The trust and credibility bestowed upon him by Priceline’s leadership team has been earned over his 17-year tenure, with his role spearheading transformational transactions providing evidence of his exquisite strategic foresight.
These include:
- UK-based car hire broker Traveljigsaw (now RentalCars), purchased in 2010, which in 2015 generated EBITDA of £69 million for the group.
- Dutch hotel site Booking.com, bought for $133 million in 2005, which now accounts for over 80% of Priceline’s $10 billion revenue, making it arguably one of the most successful acquisitions ever made.
Momondo – back to basics provides a compelling investment thesisDespite a hefty price tag, OpenTable appeared to be a shrewd investment to most observers – and may well still turn out to be.
Priceline was looking beyond traditional travel services into how they can capitalise on consumers during the holiday itself and the choice of dining locations stood out as an obvious place to be.
However, having written down over a third of the cash paid for the asset, it is no surprise that Priceline’s subsequent acquisition of scale is right at the heart of its core travel service offering.
The acquired Momondo and Cheapflights brands will naturally sit underneath Kayak, the group’s existing metasearch offering. In a competitive and extremely active market, where consolidation has been king, the acquisition also takes Momondo out of reach of Priceline’s closest rivals.
Furthermore, also:
- adds substantial weighting in Europe and the UK and Scandinavia in particular, where Kayak has not had the same success as in Western and Southern Europe.
- provides immediate scale benefits, which drive Priceline’s global supply advantage and expand the group’s geographic footprint.

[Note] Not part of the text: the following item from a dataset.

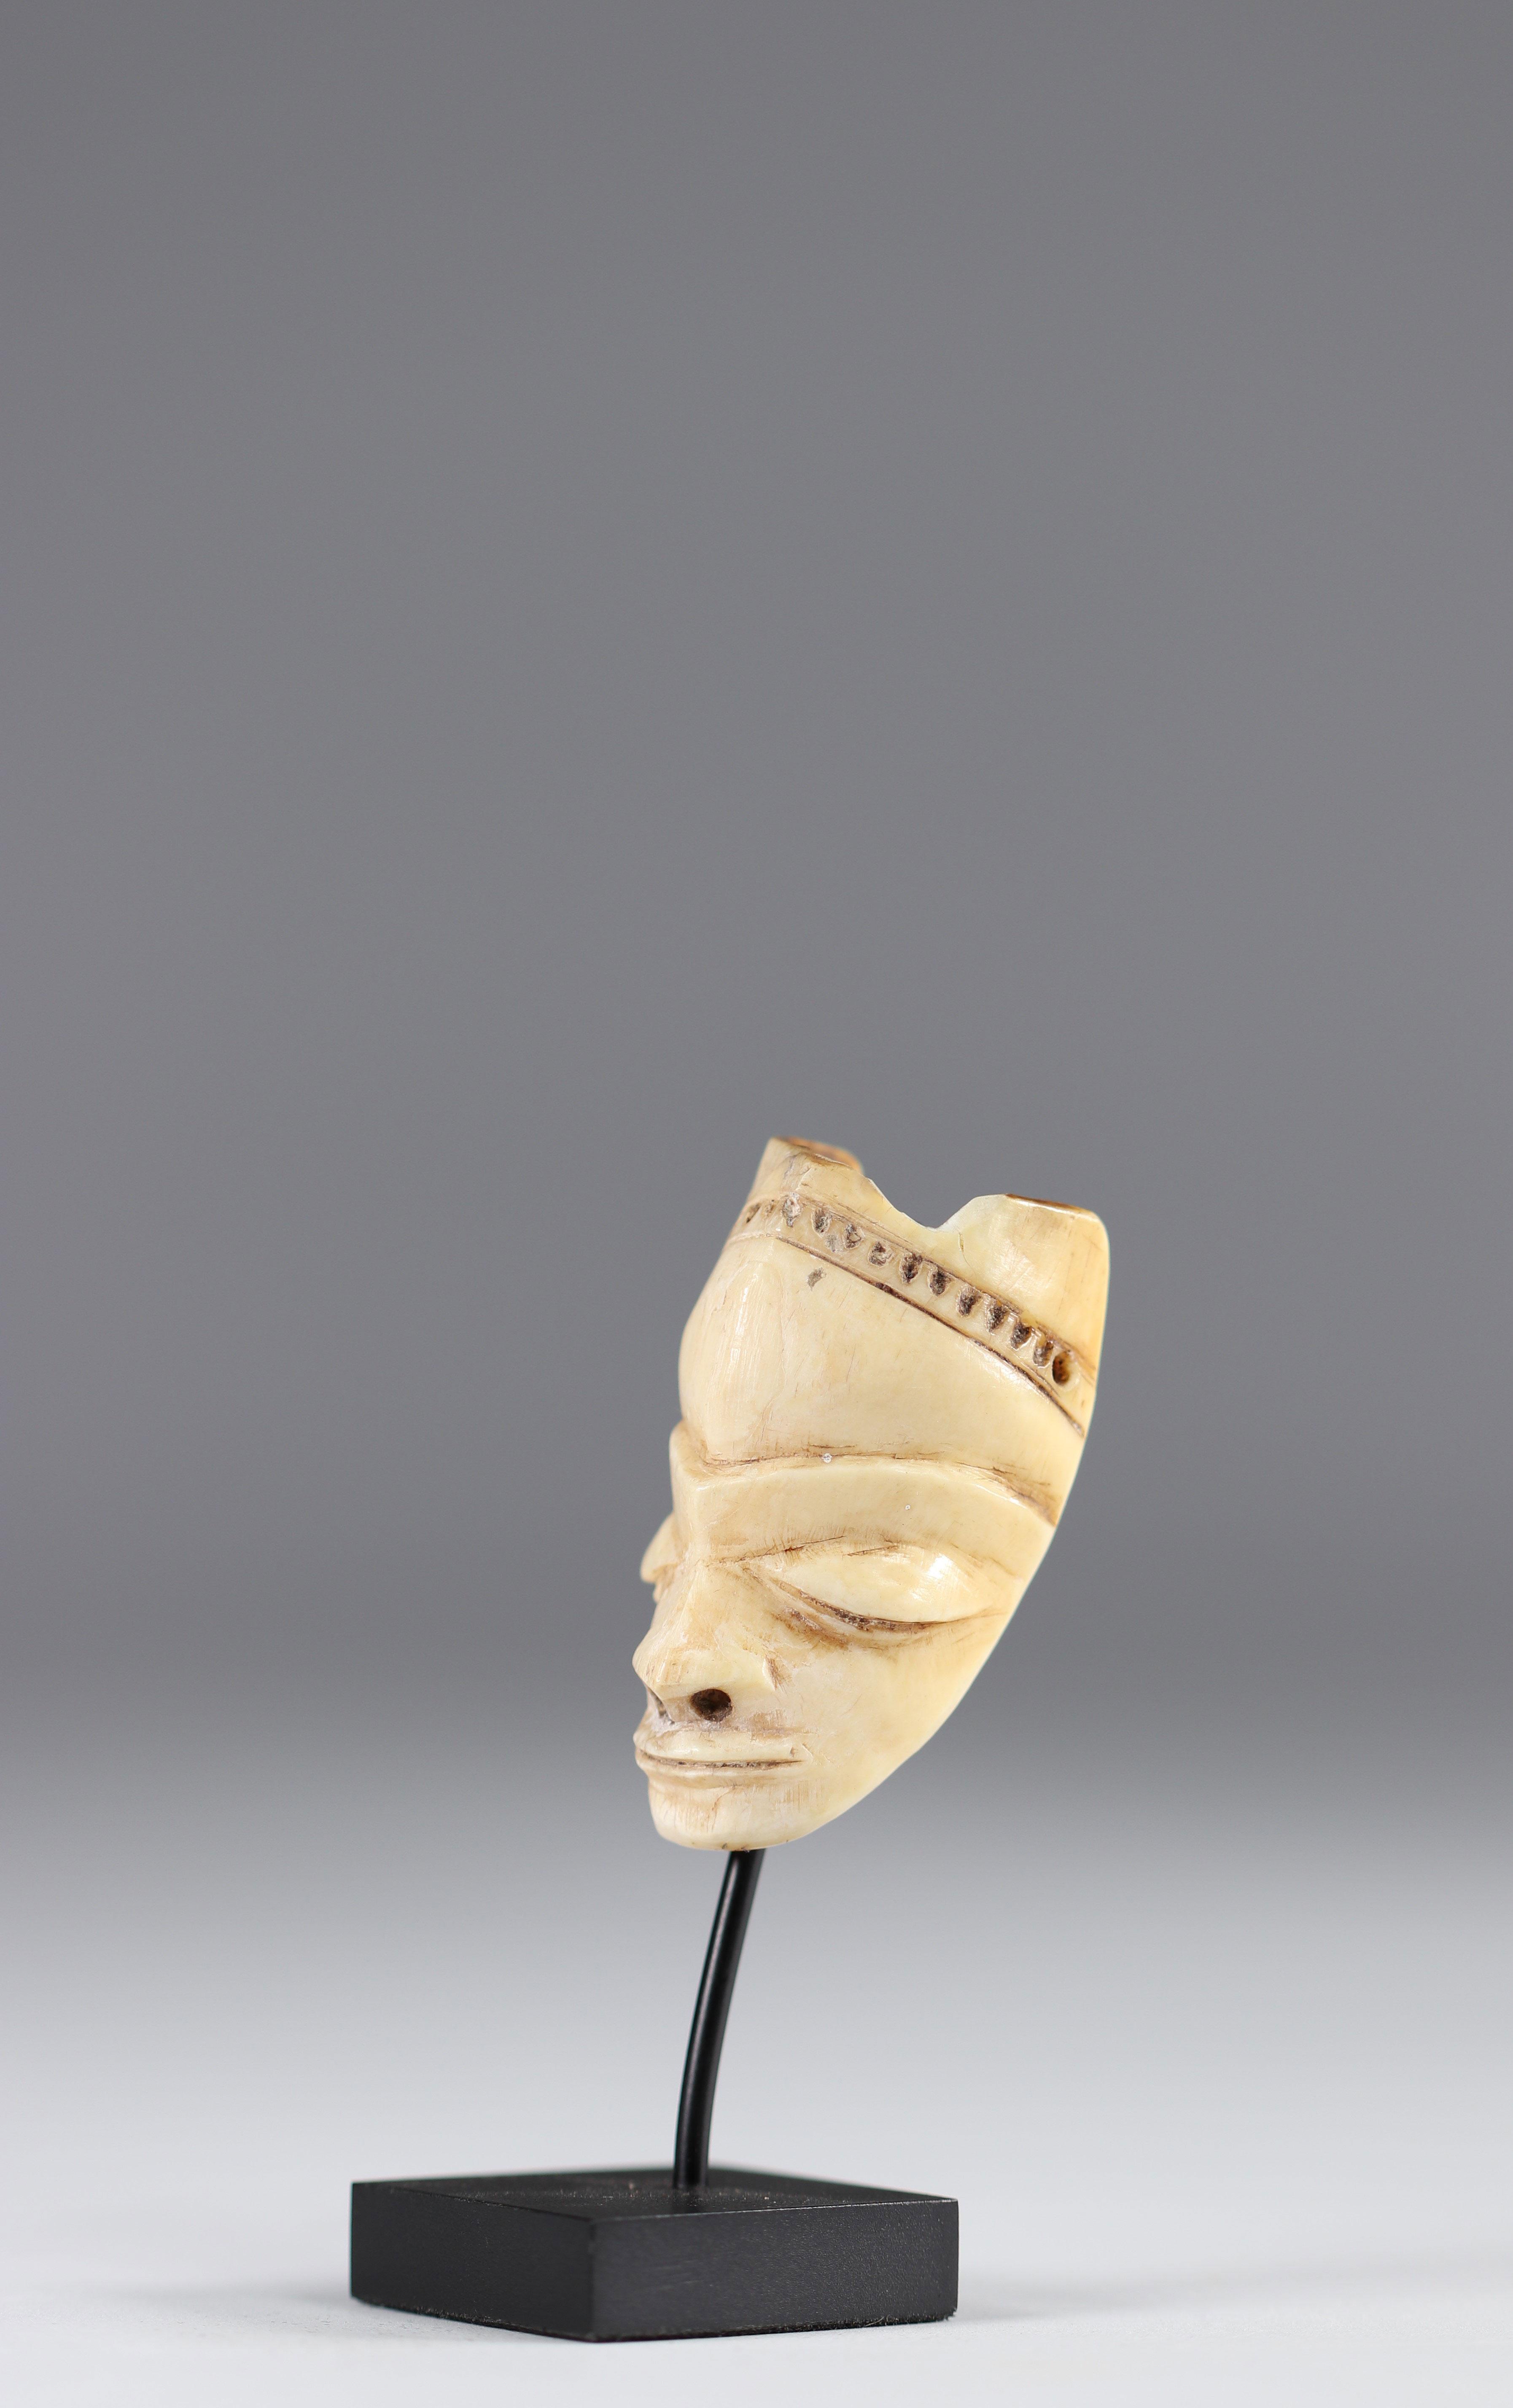 Pendant Pende ikhoko - private collar Belgium - mid 20th DRC - Africa - Image 3 of 4

- generates synergy benefits across shared services, with a focus on developing an integrated backend technology platform across all desktop and mobile platforms.

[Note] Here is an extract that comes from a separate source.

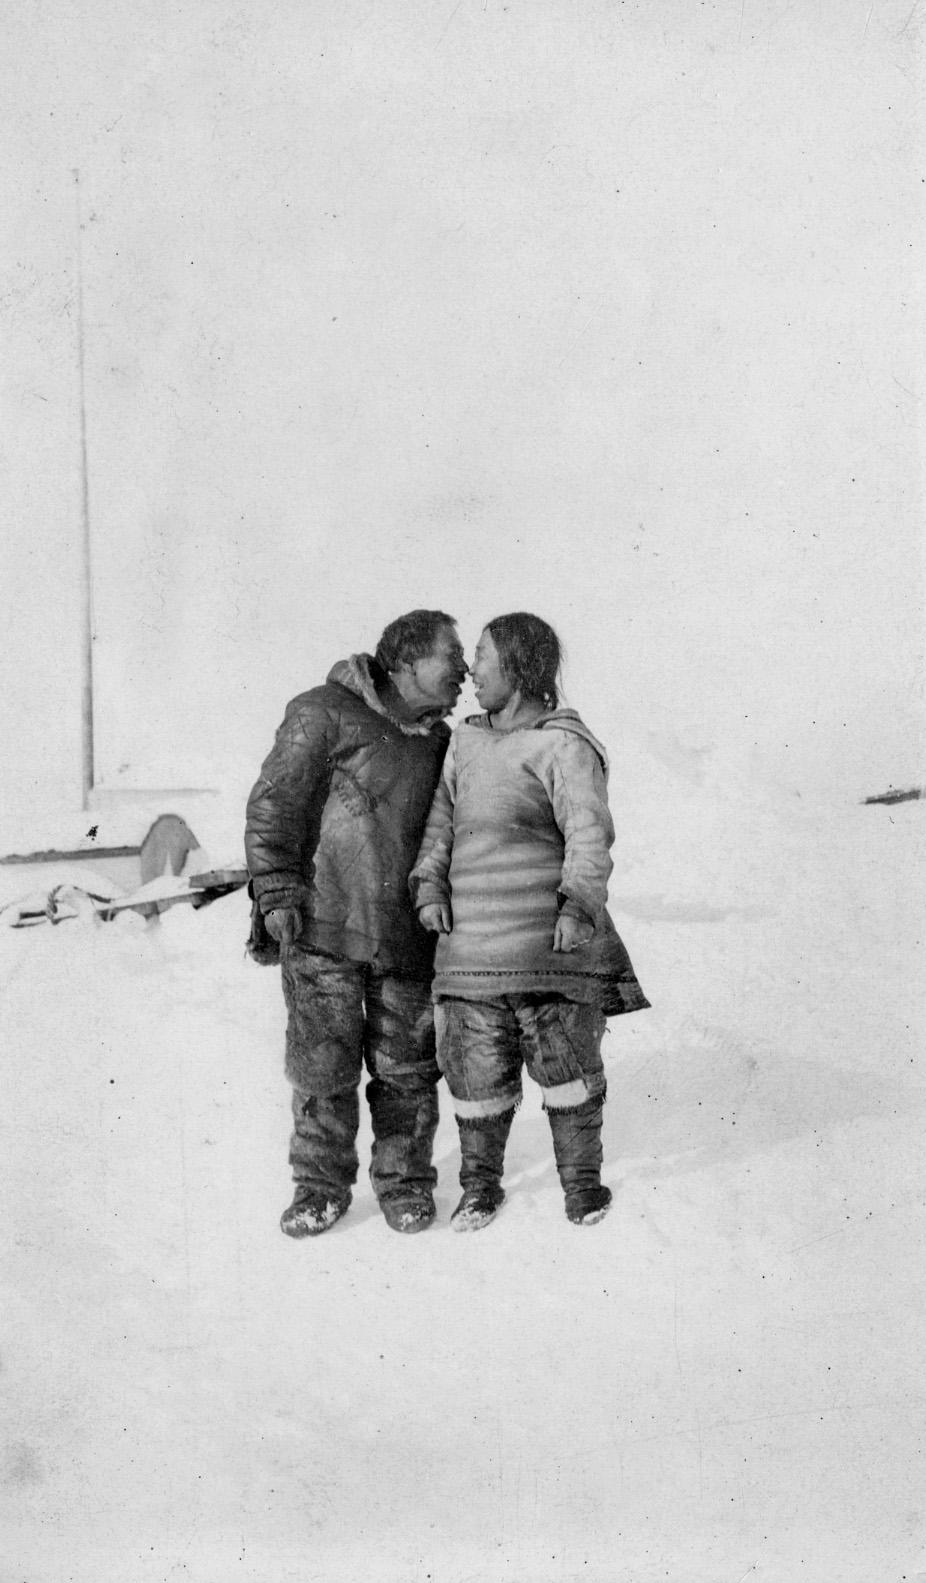 Hudson's Bay Company archive photo, Canadian Arctic

The competitive landscape – the usual suspects and the disrupter
Priceline (Kayak, $1.8billion, 2013; OpenTable; and Momondo) and Expedia (Trivago, $632 million, 2013; Wotif, $658 million, 2014; Orbitz, $1.6 billion, 2015; and HomeAway, $3.6billion, 2015) have been trading significant blows in the acquisition ring for a number of years, while China focused Ctrip’s recent $1.7 billion acquisition of Skyscanner (helped by investment from Priceline) reinforces its position as a global competitor.

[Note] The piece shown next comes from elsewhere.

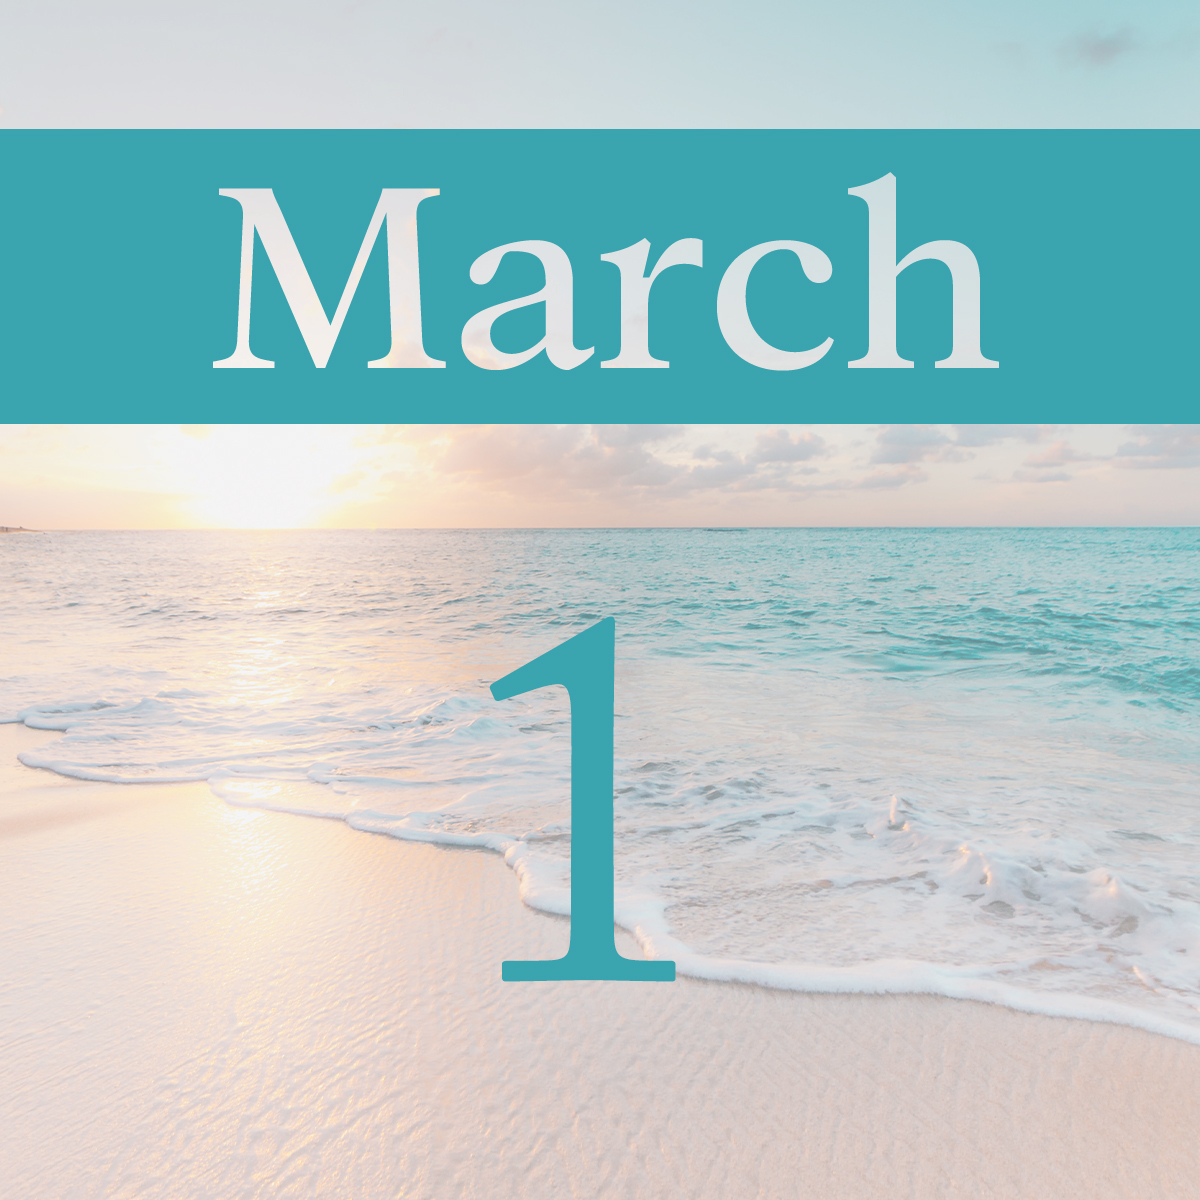 Sunday, March 1st

Up and coming challenger and travel disrupter Airbnb is expected to become the world’s fourth-largest online-travel intermediary, with peer-to-peer accommodation continuing its rapid ascent in both leisure and business travel.
Priceline and Expedia have both, unsurprisingly, dismissed the perceived threat of Airbnb, instead choosing to focus on the new enlarged travel market, which now includes vacation rental and urban sharing as a result of Airbnb’s influence, as a huge opportunity.
The future – organic growth and future acquisitions
It is impossible to predict who will be the frontrunner, let alone the clear winner, in the fight for supremacy – what we do know is that an ongoing shift to booking online will increase an online global travel market already worth over $1.2 trillion, providing an excellent market backdrop for more than one to prosper.
Undoubtedly, the big players will complement organic growth with future acquisitions in their quest for global domination and the key driver to crown an undisputed champion may well be the fighter who successfully targets and integrates transformational opportunities.
Following OpenTable, Priceline needs to be brave and continue its journey into broader travel services with tours and activities an attractive next target.
Although TripAdvisor snapped up Viator for $200 million in 2014, GetYourGuide could well be available following its latest $50 million fund-raise at the end of 2015.
Alternatively, maybe historic murmurings will come to fruition and Priceline could look for a knockout blow, with an audacious offer for TripAdvisor itself.
NB: This is an analysis by Jamie Hutton, an associate at Livingstone Partners, an M&A specialist in the travel sector which advised Rentalcars (TravelJigsaw) on its private equity MBO and eventual sale to the Priceline Group.